Those who lack a TV, radio, smart phone and mailbox are maybe the only people (blissfully) unaware that Pennsylvania has many competitive campaigns for elected office this year. Indeed, election day is next Tuesday, November 8th and campaign activity from US Senate to State House is full force across the Commonwealth.
Pennsylvania may very well decide the
make-up of the US Senate and even the US House of Representatives.
US Senate - The race between John Fetterman and Dr. Mehmet Oz for US Senate has arguably seen the most campaign activity, especially on the airwaves. This is because not only their respective campaigns, but also national parties and groups are pouring millions of dollars into PA to support, or more likely criticize, Fetterman or Oz since the majority of the Senate is in question. This race to replace retiring Republican Senator Pat Toomey is in a statistical dead heat so expect to hear more from the candidates and other stakeholders in the next few days. If you are a registered voter this likely includes texts, calls, mail, email and visits to your door by party officials. And, of course for all to see is the barrage of TV ads up to and including during the remaining World Series Games where ad time is apparently north of $150k for just one commercial!
US House – The Democrat majority of the United States House of Representatives may also change in this midterm election. Unfortunately, Pennsylvania saw the loss of one congressional seat due to the Census from 18 to 17 seats. Out of those 17 there are at least two competitive seats within Pennsylvania.
First, is Democrat incumbent Congressman Matt Cartwright who is being challenged by Republican Jim Bognet in the northwestern part of the state for the 8th Congressional District (CD). Next, Congresswoman Susan Wild, another incumbent Democrat, is facing a serious challenge from Republican Lisa Scheller in the 7th CD roughly comprised of the Lehigh Valley. Both of these races have also attracted national attention and funds and if you live within the same media markets you have almost definitely seen their campaign commercials even if you do not live within those actual districts.
While PA voters may have the chance to decide the make-up of Congress due to the aforementioned campaigns, the direction of the state is also in the hands of PA Voters with races for Governor and the state’s General Assembly.
PA Governor – Pennsylvania only allows Governors to serve for two terms leading to an election to replace outgoing Governor Tom Wolf. By all accounts, Attorney General Josh Shapiro, the Democrat nominee, has a commanding lead over the Republican candidate, State Senator Doug Mastriano. This race is obviously of importance within the boundaries of the Commonwealth but has also attracted national funds with Shapiro setting records on fundraising. This has given him the ability to outspend Mastriano almost 8 to 1.
As with the US Congress and President, the relationship (or often the lack thereof) between the new Governor and PA Legislature will determine many items, including the mandated annual state budget, in the next Legislative Session. Due to this, the elections of PA Senators and House members are also crucial with most of them on the ballot next Tuesday.

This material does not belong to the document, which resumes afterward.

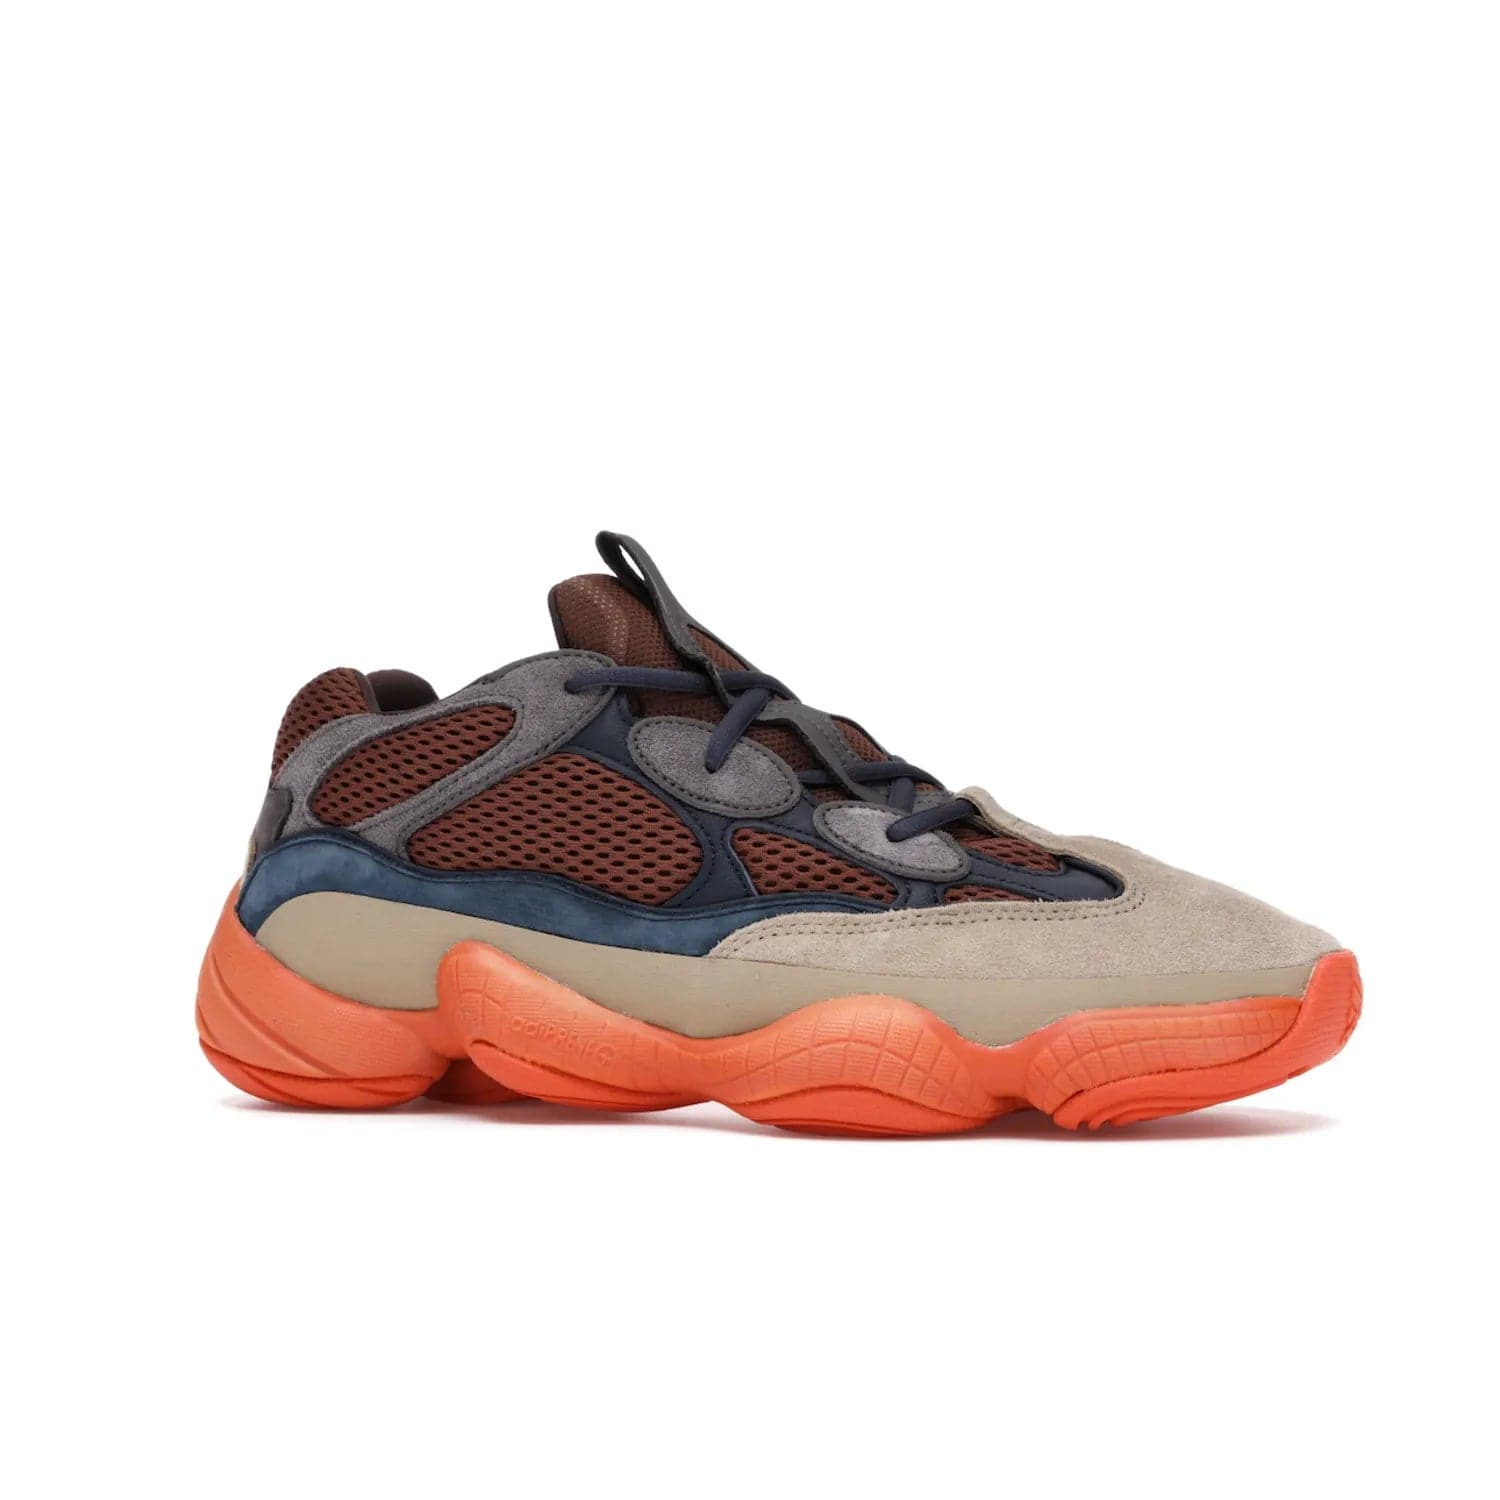 adidas Yeezy 500 Enflame - Image 3 - Only at www.BallersClubKickz.com - Step into style with the adidas Yeezy 500 Enflame. Mix of mesh, leather, and suede layered together to create tonal-brown, dark blue, & orange. Orange AdiPRENE sole provides superior cushioning & comfort. Get yours and experience maximum style.

PA Senate -Twenty-five, or half of the PA Senate districts, are up for election this year. Currently, the Republicans hold a 29-seat majority which includes Independent Senator John Yudichak who caucuses with the Republicans. However, Sen Yudichak decided not to run for re-election along with 4 other Republicans. Another Republican Senator lost in the Primary election creating 6 “open seat” campaigns that the Republicans now have to defend. Five of those are potentially competitive.
However, at least one, arguably two, Democrat incumbents are vulnerable with their own re-elections.
That leads to potentially seven seats in question. If Democrats win every one of these, they will have a slim majority going into next year, but this is unexpected and instead it is more likely that a similar make up in the Senate remains with each party seeing similar gains and losses.
However, while the Republicans may still hold the majority for the next Legislative Session, there will definitely be leadership changes in their Caucus. President Pro Tempore Jake Corman, Caucus Chair Bob Mensch and Policy Chair Mario Scavello did not seek re-election and Pat Browne, the Appropriations Committee Chair, which is considered a leadership position, lost in the primary.
PA House – Each of the 203 House Districts are up for election due to two-year terms. Out of those 203 there are at least 12 vulnerable Republican incumbents and 2 endangered incumbent Democrats. In addition, there are 46 open seats where members decided not to run, lost their primaries or are running for different offices. Republicans are defending 31 of those open seats, with potentially 8 of them being competitive. Out of the 15 open seats the Democrats are defending, three are potentially competitive.
Thus, hypothetically 20 seats could go from Republican to Democrat, while only 5 could go from Democrat to Republican. If so, the House could become a 107 to 96 majority for the Democrats. However, that is also unlikely and in this intense political environment it is close to impossible to clearly determine the outcomes on each House campaign. Indeed, there will likely be surprises across the state where “safe” members are defeated and competitive seats are blow outs.
Regardless of who obtains a majority, the House will see at least 25% of the body overturn due to retirements and lost primaries. This includes 13 current Committee chairs!
All elections have consequences, and for Pennsylvania voters there are opportunities to decide the direction of not only the state but arguable the country.